Лебедев коротким движением опять сломил дудку зонтичника, отбросил в сторону.
— Теперь это уже не за горами. Вода в котле нагрета настолько, что закипеть она может в любой час.
— На линии-то нас теперь всюду поддержат? — настойчиво спросил Порфирий. — По-честному, Егор Иванович, можно надеяться?
— Можно! Правда, мы не знаем точно позиции нашего Союзного комитета, хотя от него будет зависеть выбор момента решительных действий. Но стачку-то во всяком случае готовит он.
— А почему нельзя знать точно, что думает Союзный комитет? — вдруг спросил Мирвольский, все время до этого упорно молчавший. — Похоже, что ты ему вообще не очень веришь. — И, словно застеснявшись своего неожиданного вмешательства, тотчас отодвинулся назад.
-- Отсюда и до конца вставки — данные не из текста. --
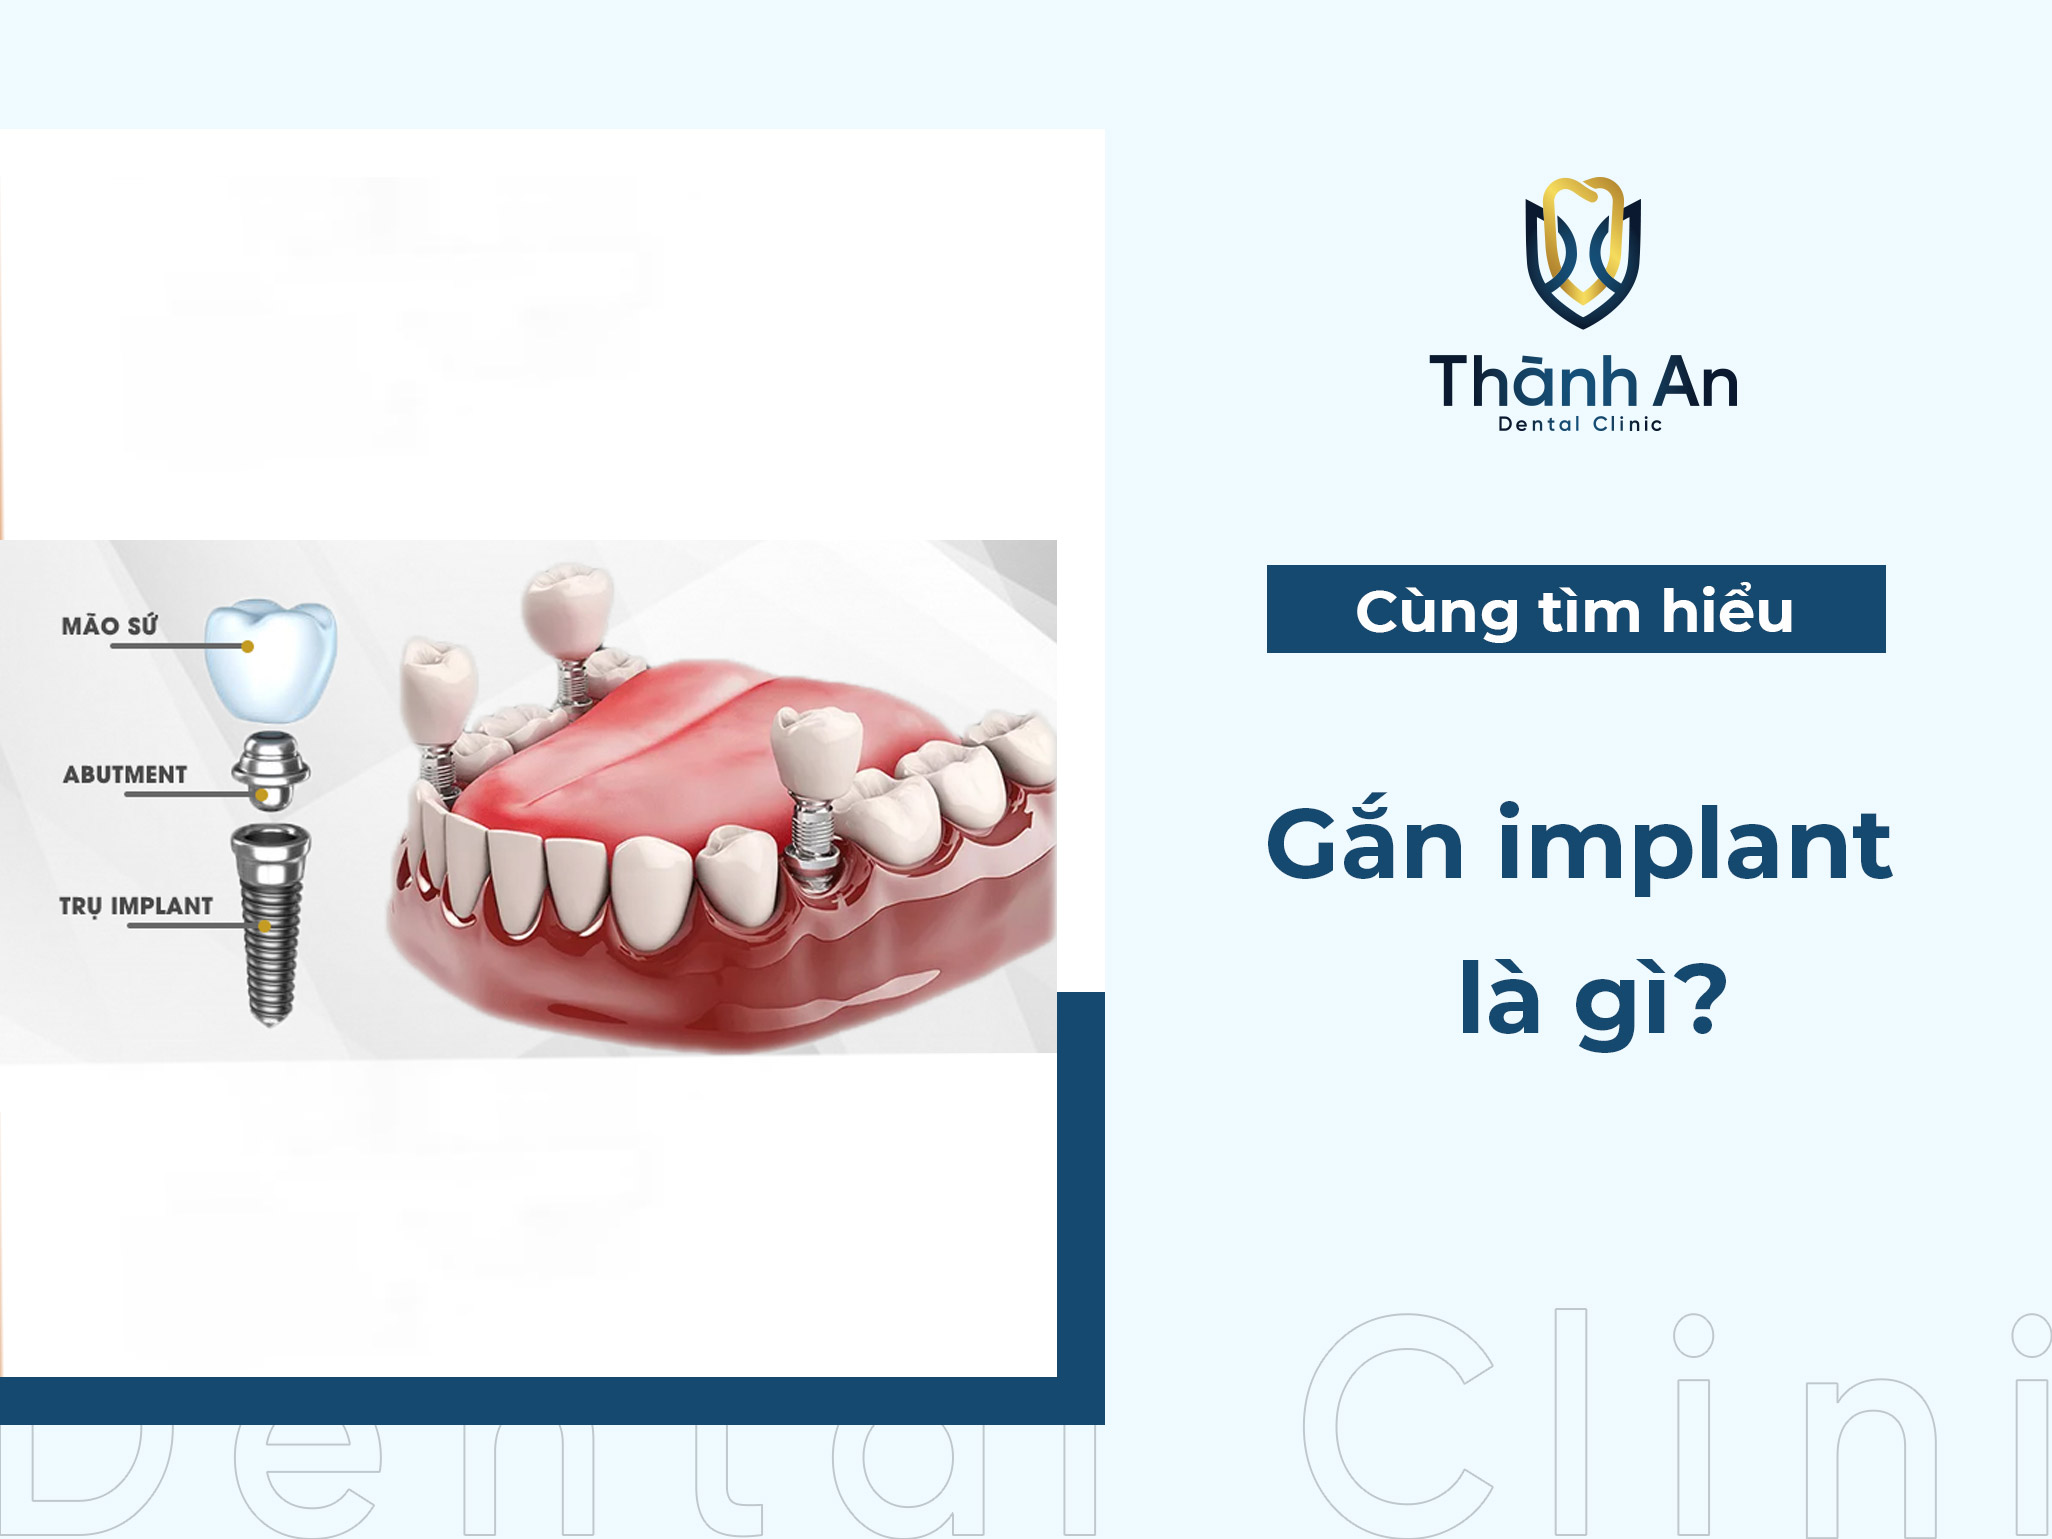 Gắn implant là gì? Tại sao cần gắn implant?

— Ты задал резонный вопрос, Алексей, и отчасти угадал мои мысли, — ответил Лебедев. — Дело в том, что всеобщую стачку-то он поддерживает, а вот свое отношение к вооруженному восстанию никак не определил. Отказываться же от мысли о восстании нельзя. Если мы пойдем к революции потихоньку, выиграет только буржуазия.
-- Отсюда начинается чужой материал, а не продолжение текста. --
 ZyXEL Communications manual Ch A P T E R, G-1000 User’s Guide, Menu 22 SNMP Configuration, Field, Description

Терешин встал, размял ноги, потянулся, развернув свою широкую, квадратную грудь.
— Сейчас я работаю у Василева на паровой мельнице, — с усмешкой сказал он. — Купец все время заигрывает с нами. Говорит: «Хочу, чтобы рабочим жилось у меня хорошо». Он платит на гривенник больше, чем платят на железной дороге, но требует от рабочих обещаний, что бастовать у него не будут.
— И ты пообещал? — не для себя, а для Лебедева спросил Терешина Порфирий.
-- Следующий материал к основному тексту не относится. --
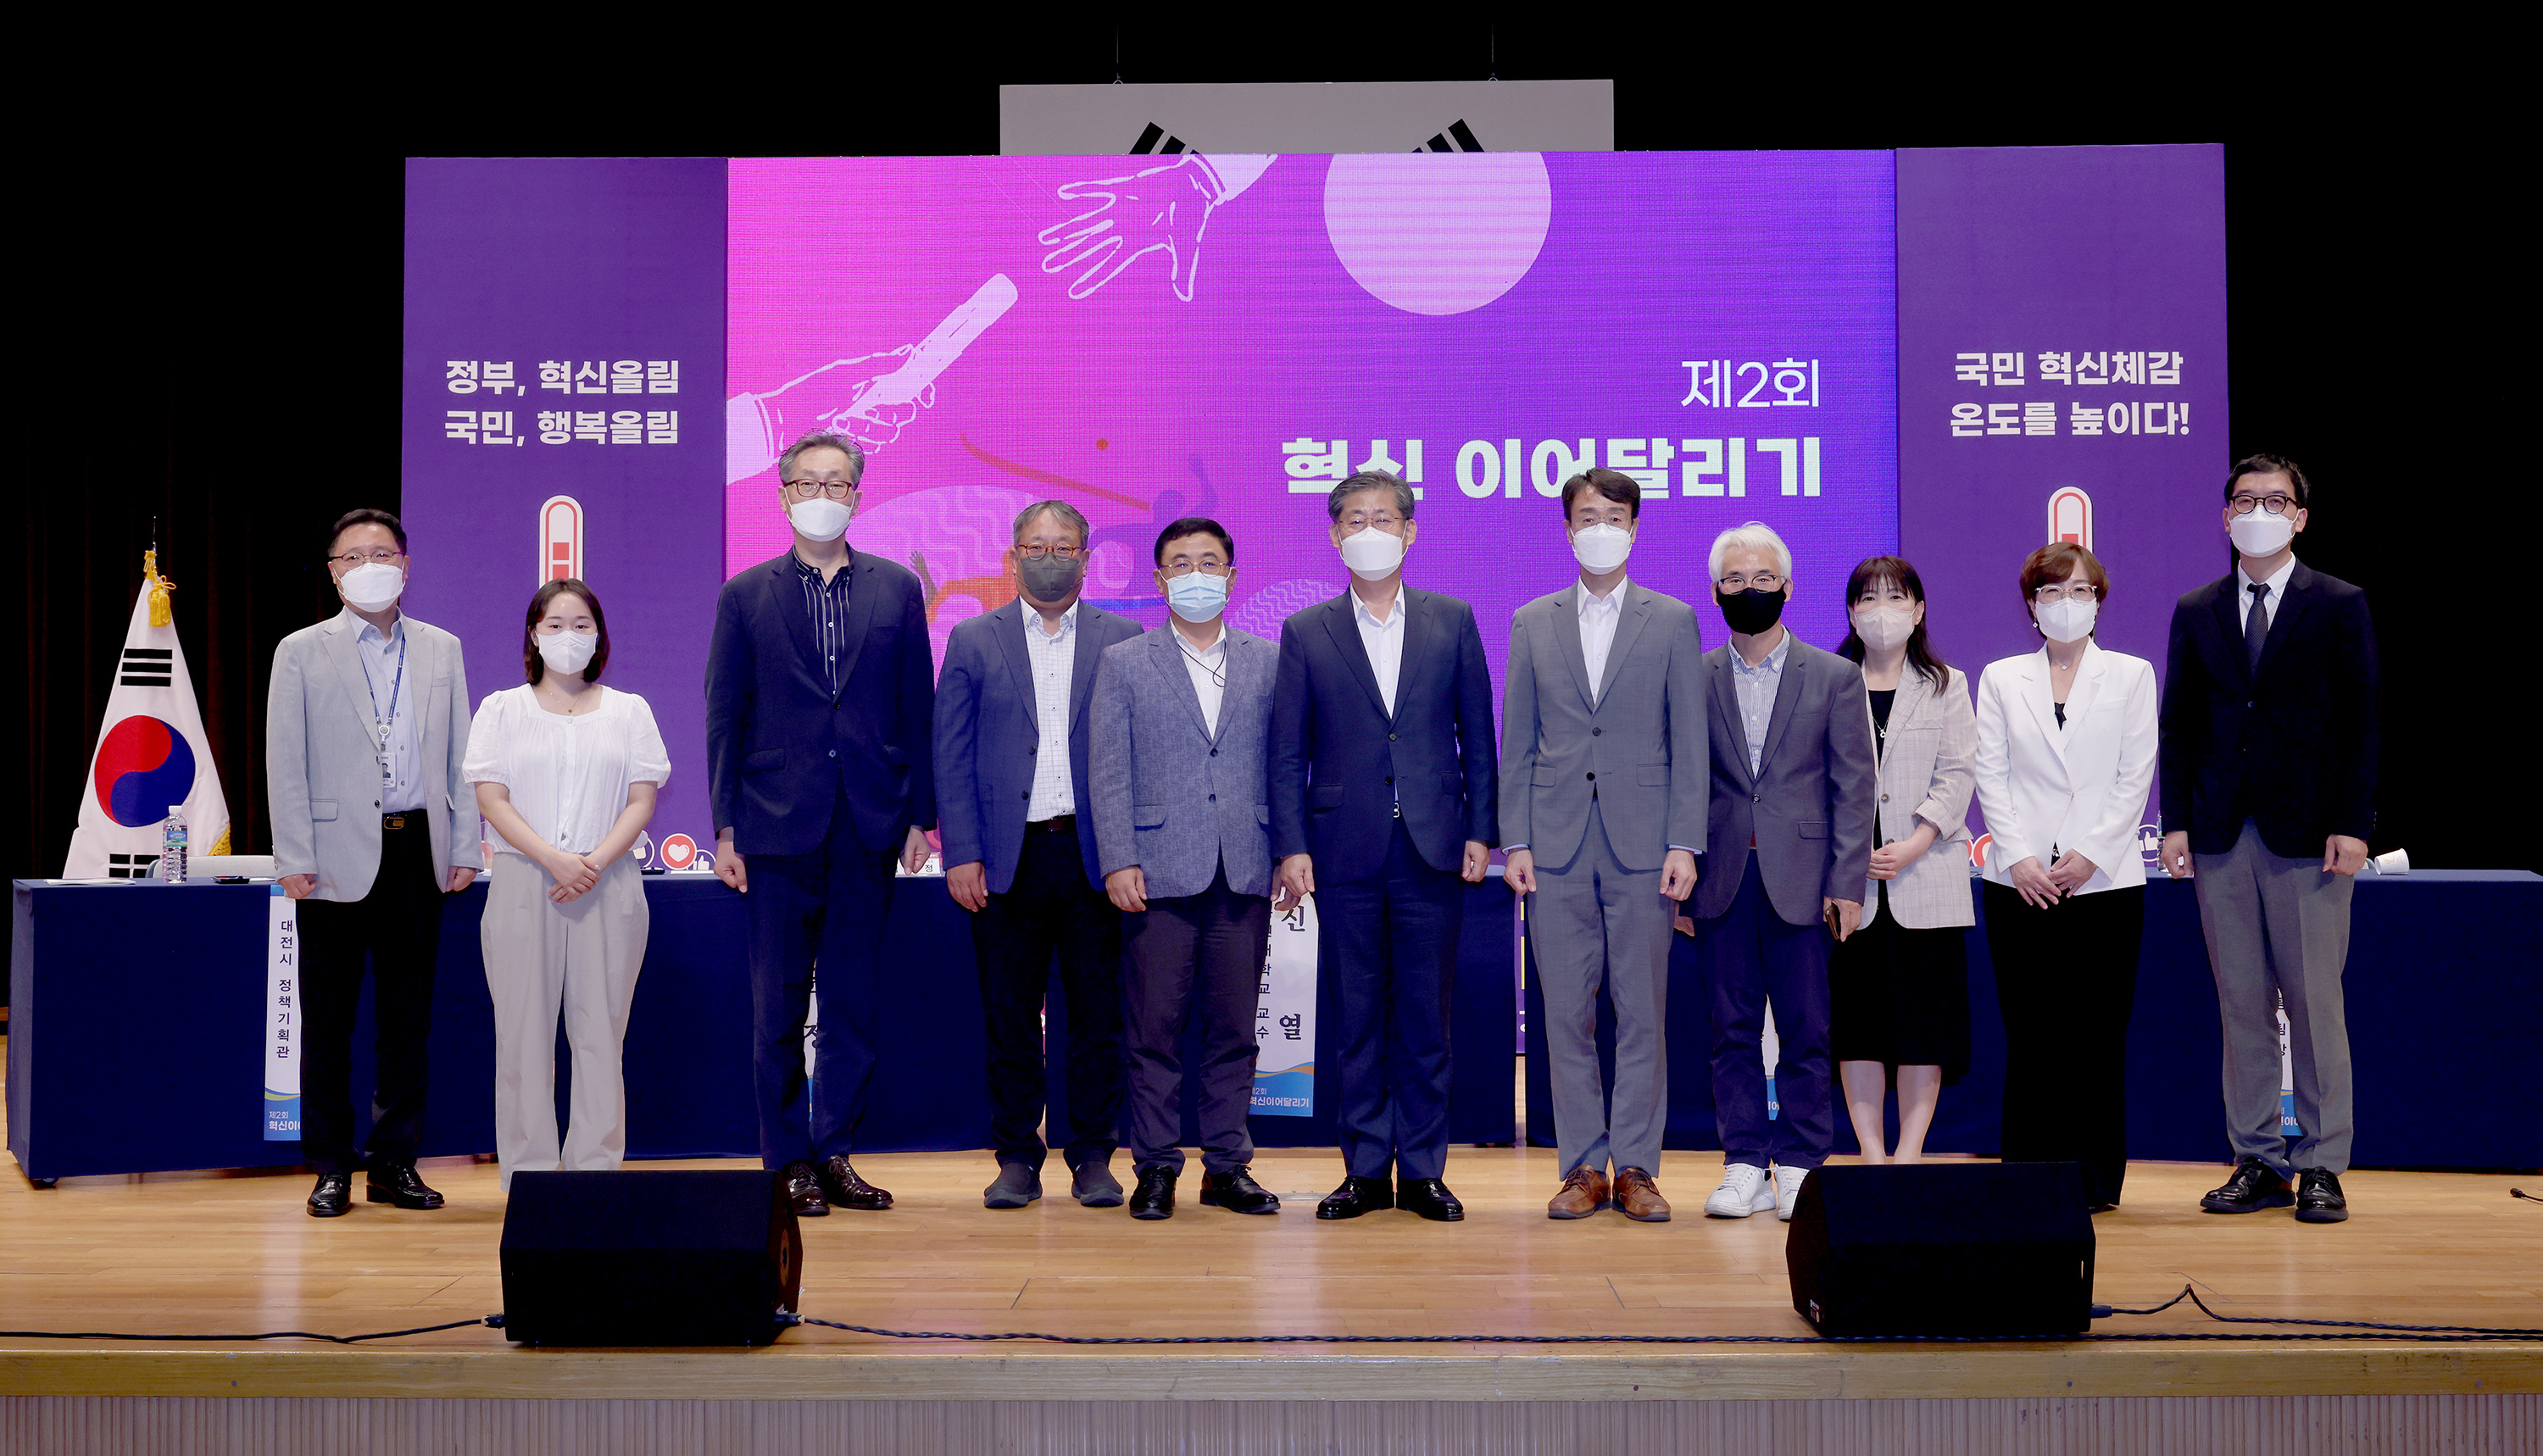 [대전광역시] 2022년 제2회 혁신 이어달리기 개최 관련사진 5

— Нет. Это он придумал недавно. Деньги стал давать нашим сборщикам — то рубль, то трешницу. «Я, говорит, сочувствую, народу свобода нужна. Только при общем согласии, без насилия».
— Жаль, нет Гордея Ильича, — подхватил Порфирий, — он бы лучше меня рассказал, как Маннберг в мастерских тоже дело повернул. Этот объявил: «Кто свою норму выполнит, может до гудка домой уходить». Ну, мастеровые и налегли. На два, на три часа раньше выгонять урок стали. А Маннберг тогда: «Стоп! Вижу, работать вы быстрее можете. Надо норму вам увеличить, а поденную плату оставить». Значит, за штуку-то меньше платить. И теперь рублей на пять в месяц у кузнецов и слесарей заработок стал меньше. Вот. О штрафах я и не говорю. Это у него само собой — половину заработка штрафами вычитает.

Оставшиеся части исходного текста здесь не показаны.